CLASS-14b
WHAT GOOGLE LEARNED ABOUT TEAMS
Working in groups can be very stressful. There is always a feeling that we have to prove ourselves to others. Many firms have been researching this topic for years and have come to realize that “employee performance optimization” which is the process of analyzing and improving individual workers, is not enough.
Studies have shown that software engineers working in groups tend to innovate faster, see mistakes more quickly and find better solutions to problems.
Project Aristotle
Google’s top executives long believed that building the best teams meant combining the best people. That turned out not to be true so the company started a project to study hundreds of Google’s teams and figure out why some stumbled while others soared. They found out that as long as everyone got a chance to talk, the team did well. But if only one person or a small group spoke all the time, the collective intelligence declined.
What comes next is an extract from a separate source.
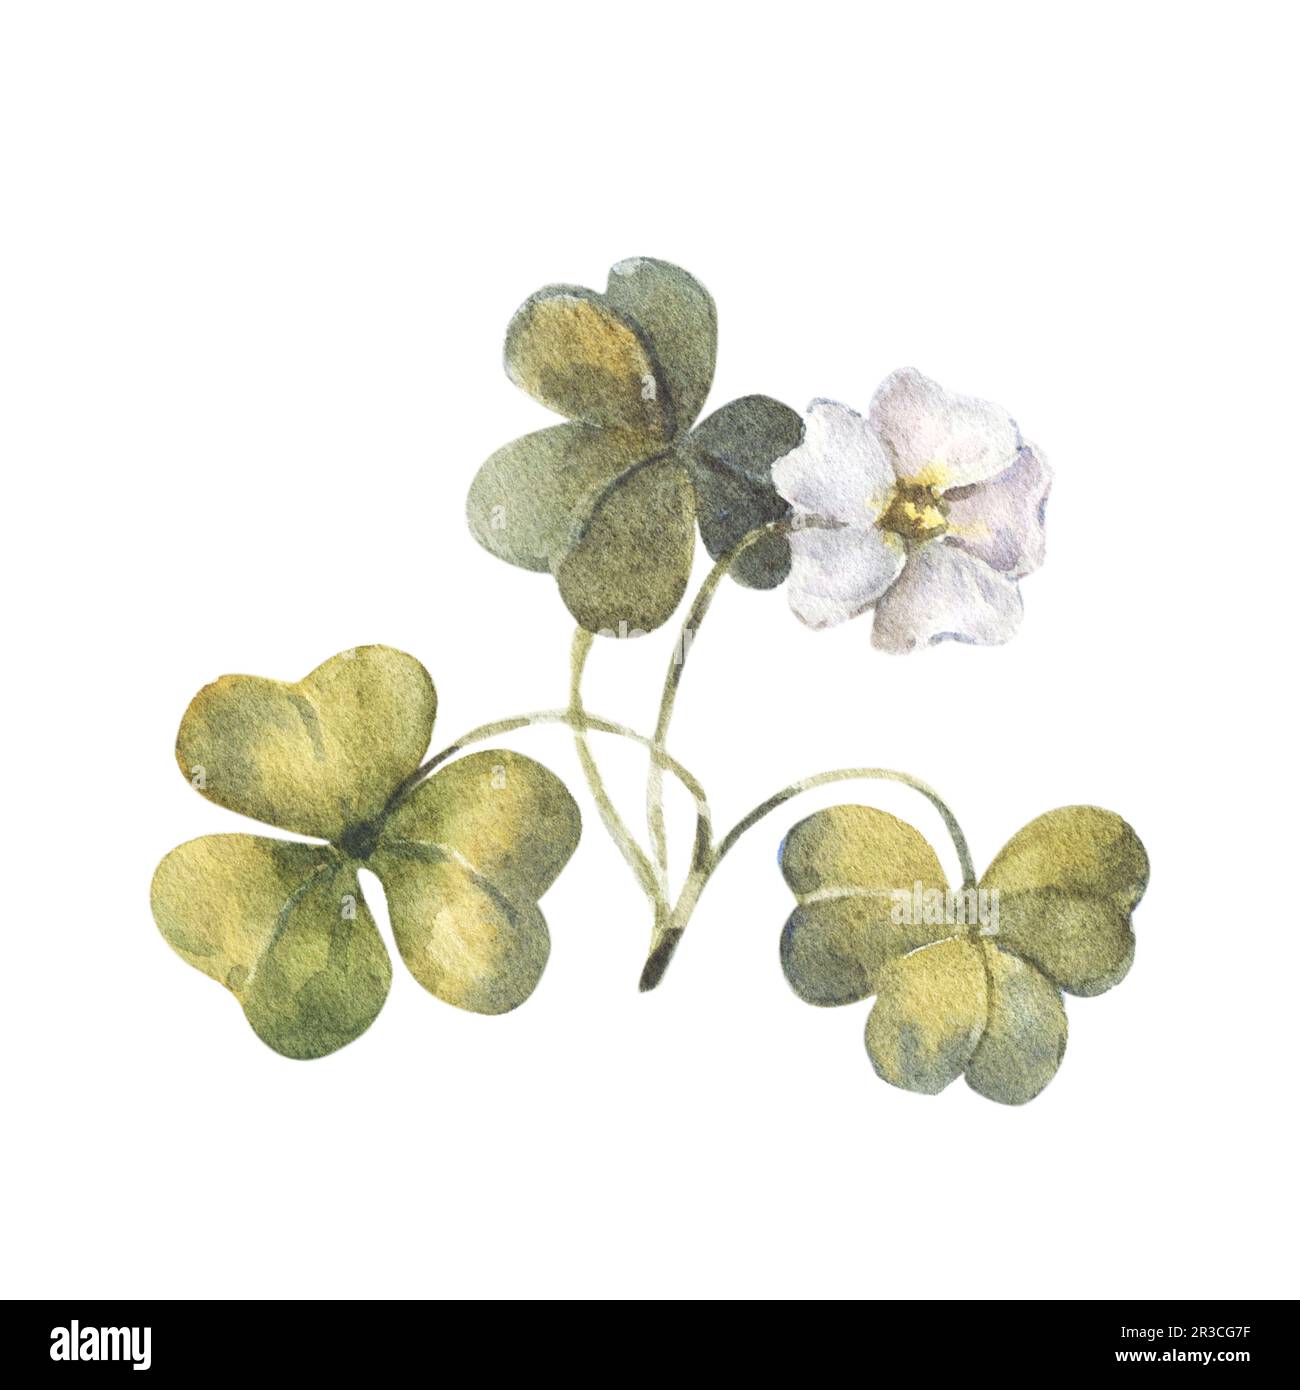 Watercolor illustration, forest oxalis isolated on a white background. Forest plant with three-lobed leaves and small white flowers. Stock Photo

Also, how teammates treated one another had an impact on the results.
Google in its race to build the perfect team, has unintentionally demonstrated the usefulness of imperfection and figure out how to create psychological safety faster, better and in more productive ways.
Project Aristotle is a reminder that when companies try to optimize everything, it is sometimes easy to forget that success is often built on experience, like emotional interactions and complicated conversations and discussions of who we want to be and how our teammates make us feel.
Things I want to know more about
- How to improve and develop the right skills to achieve better results working in teams.